Finals week is fast approaching, as are the bleary eyes and blank stares that accompany it. Zombie jokes abound. But what if zombies really did take over PC? How does one survive?
- Get a dog. No, really. Get a dog. What’s that? No pets in the dorms? It doesn’t matter. The people who make rules like that don’t make it past the first 30 minutes of the movie. Get a dog. Preferably not a Pomeranian, but sometimes you just gotta do you.
- Stock up on food and water. I mean, more microwavable mac and cheese and granola bars than you can imagine. Trust me, when the zombie apocalypse hits, your meal plan is the first thing to go.
- Stay inside at all costs. Stop going to class. Finals shminals, this is the end of the world.

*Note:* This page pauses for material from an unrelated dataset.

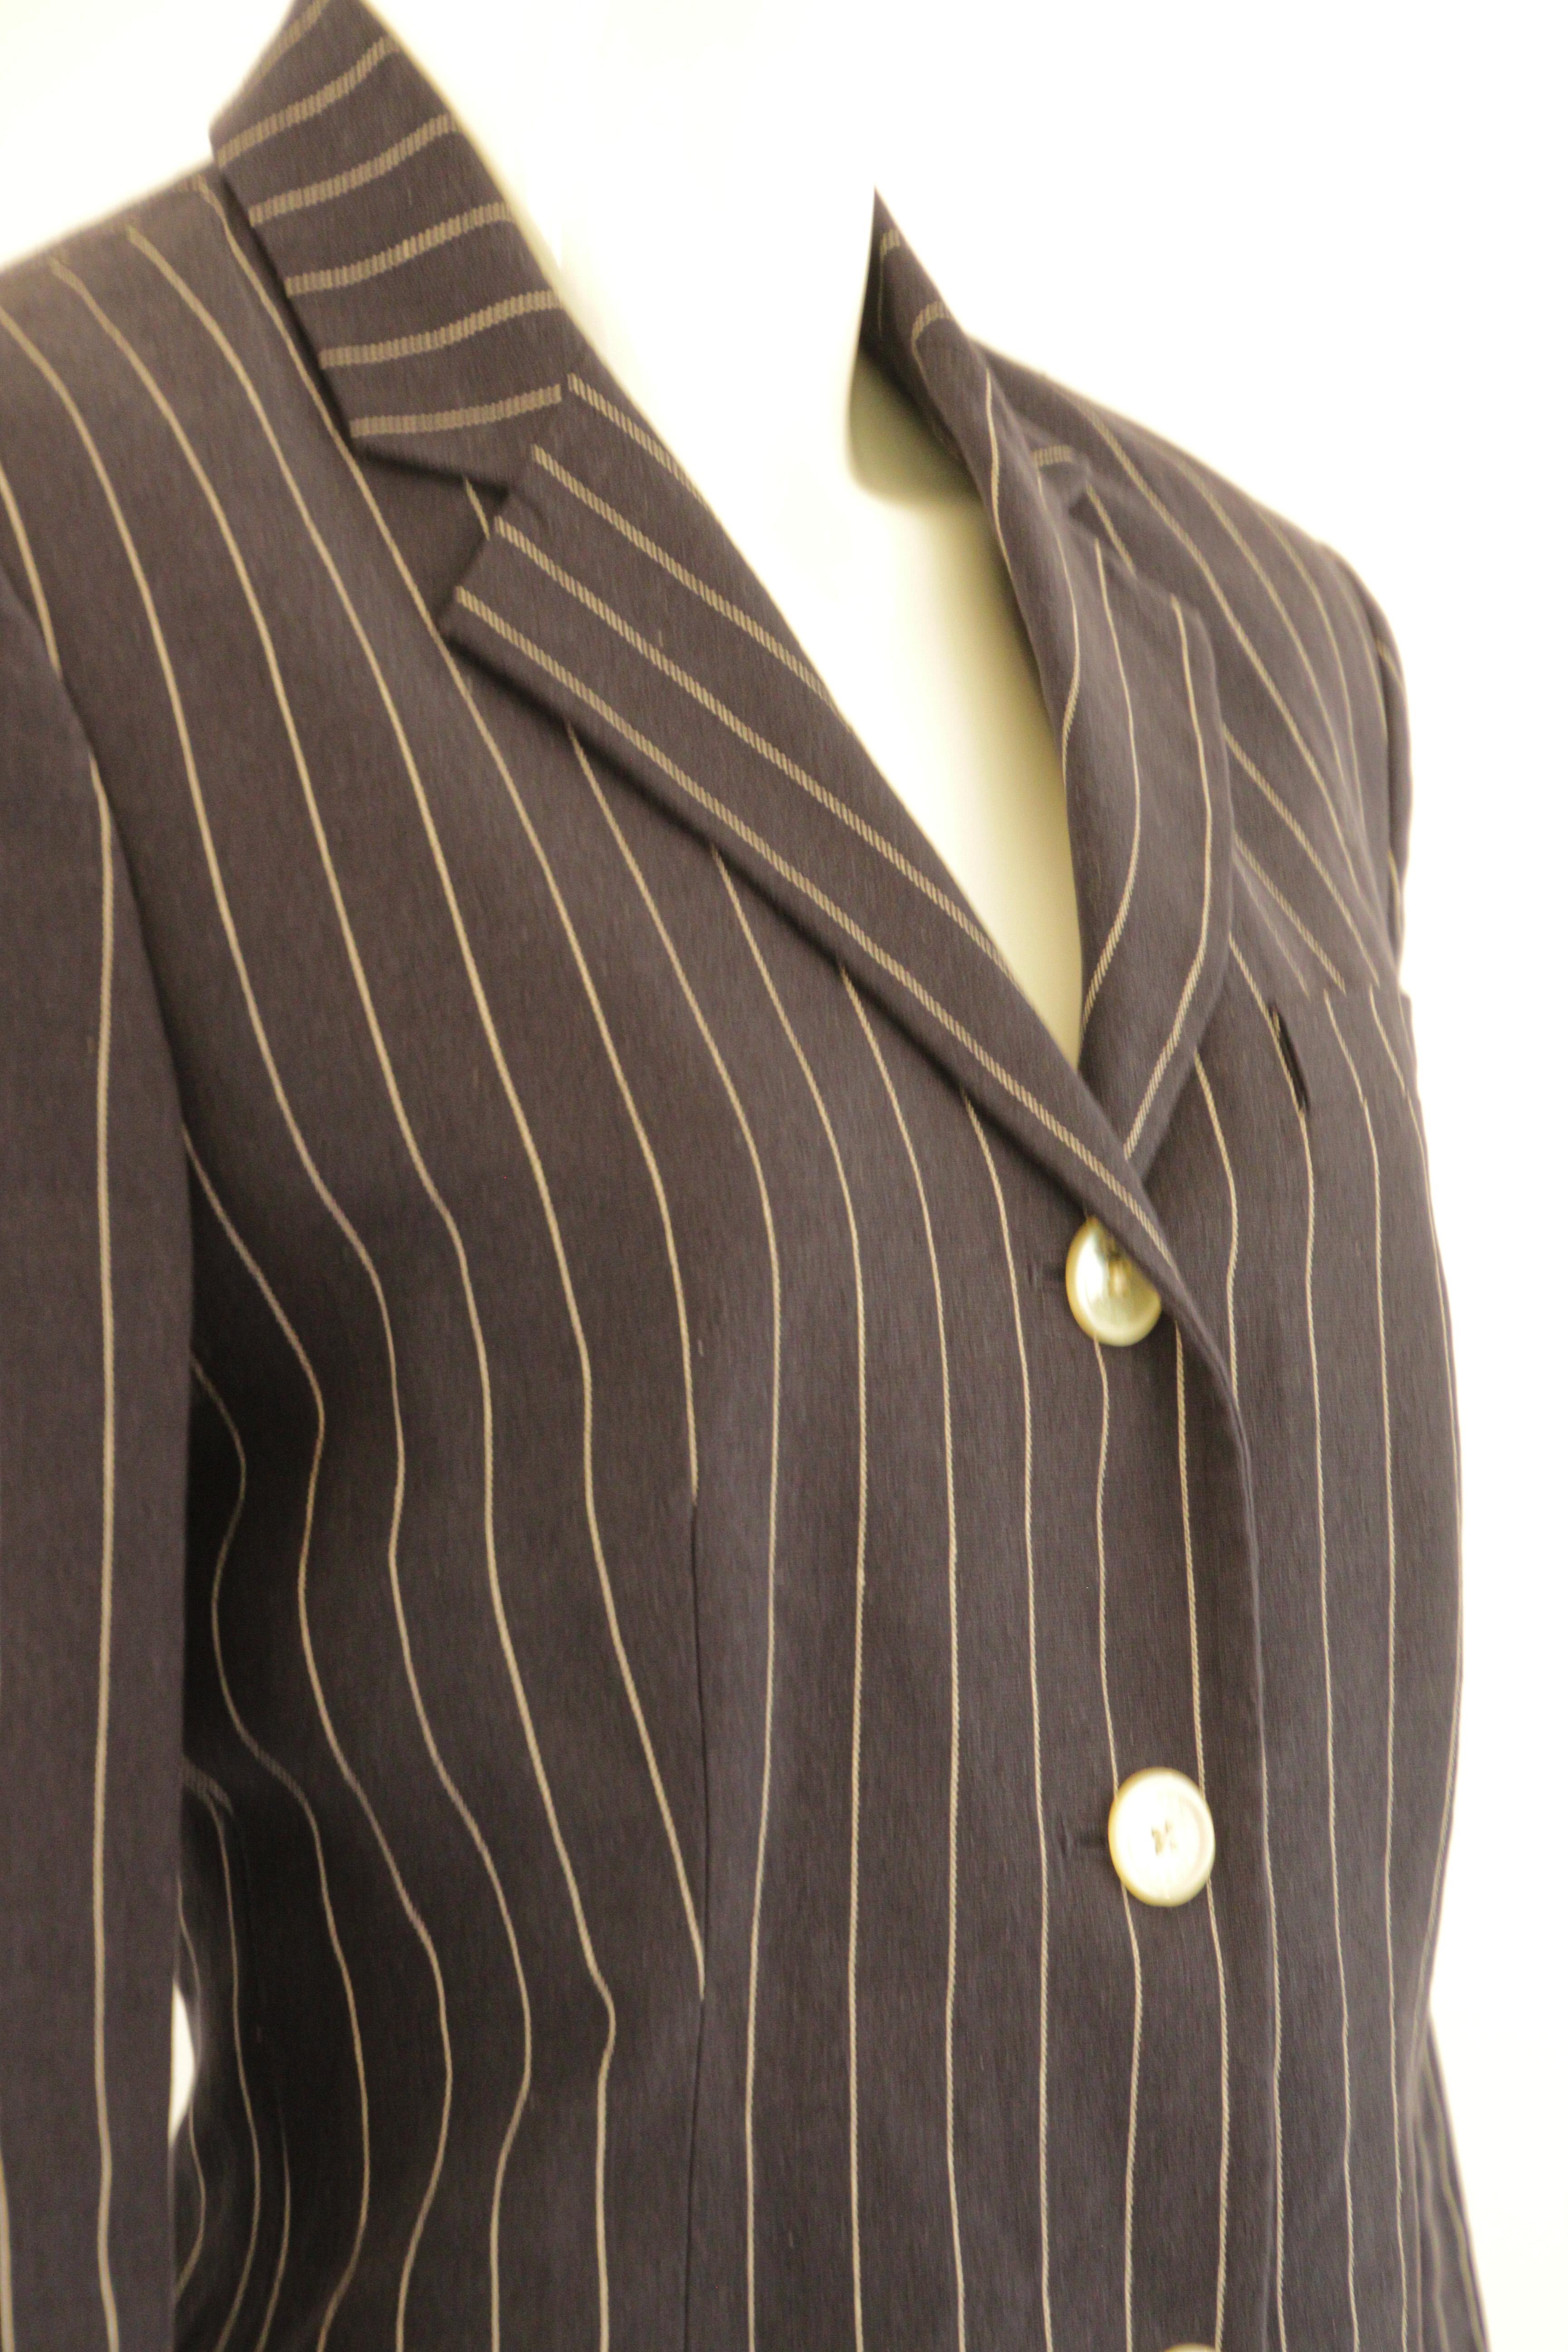 Ralph Lauren Vintage Black and White Pinstripe Blazer In Good Condition For Sale In North Hollywood, CA

- Get some decent shoes. Your survival might require a significant amount of walking at some point, and your UGGs will only get you so far. Also, your UGGs are the cause of the zombie apocalypse in the first place. Burn them now before it’s too late. The fate of humanity rests in your shoes.
- Find a decent flashlight. Eventually the power will go and you will (God forbid) no longer be able to charge your iPhone. Without your handy-dandy flashlight/GPS/calorie counter/camera, you’ll have to revert back to positively ancient methods of survival, like flashlights and maps. Which brings us to our next point….
- Learn to read a map. Seriously. This is not a drill. This is not your family vacation. Your family is probably zombified by now and your phone is dead. Buy a decent road map, and possibly a trail map. The woods might be the safest place soon.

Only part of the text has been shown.